The Ottawa City Council was accused of trying to marginalize truckers and their families by Lawrence Greenspon, defence counsel for Tamara Lich, during her ongoing trial in Ottawa, Ontario. Lich, along with co-defendant Chris Barber, is facing charges of mischief, intimidation, obstructing police, and counselling others to commit mischief and intimidation. These charges are related to their involvement in organizing the 2022 Freedom Convoy, a peaceful demonstration against government-imposed mandates and restrictions for public health purposes.
During the trial, Greenspon cross-examined Serge Arpin, former chief of staff for former Ottawa Mayor Jim Watson, about a change made to a local bylaw regarding idling vehicles. Prior to 2022, the City of Ottawa allowed idling of vehicles when the outdoor temperature was five degrees Celsius or lower. However, during the Freedom Convoy, the city lowered the temperature required for idling to -15 degrees Celsius.

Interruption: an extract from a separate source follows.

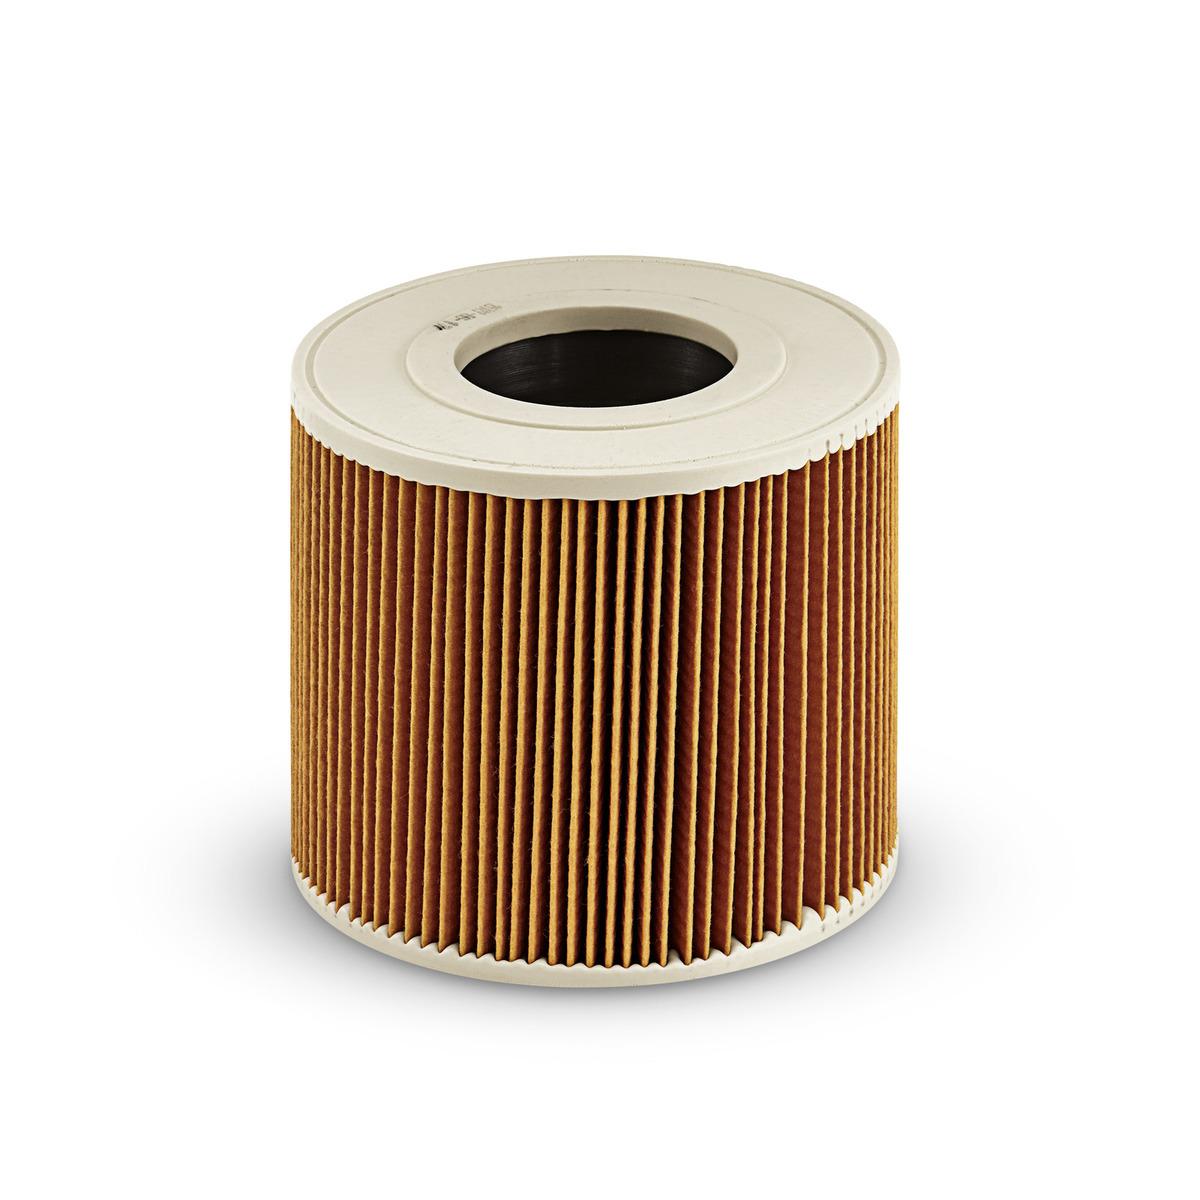 Фильтр патронный Karcher (6.414 789.0) для

Arpin acknowledged during cross-examination that the city’s management was focused on putting an end to the demonstration and that the decision to change the bylaw was made within that context. He also admitted that the purpose of the bylaw change was to reduce the number of protesters participating in the Freedom Convoy.
The defence argued that the city’s actions were aimed at freezing out the truckers and their families who were part of the demonstration. Lawrence Greenspon stated that the bylaw change was a deliberate attempt to make it more difficult for the truckers to protest effectively.
The trial also included questioning of Arpin about his involvement in the city’s communications and negotiations with Keith Wilson, a lawyer acting as an intermediary between the city and the defendants. Arpin revealed that he had apologized to Wilson after the city effectively ended its negotiations with the defendants. He acknowledged that this was a failure on the city’s part to uphold “good faith” in the negotiations.
The trial has now been adjourned and will resume on October 13. This extended break will allow both the prosecution and defence to prepare their arguments for the next phase of the trial.
The allegations made by the defence raise concerns about the potential abuse of power by the Ottawa City Council and the degree to which they were willing to undermine the rights of citizens for their own political agenda. The outcome of this trial will have significant implications for the right to peaceful protest and the ability of individuals to challenge government actions they believe are unjust or unconstitutional.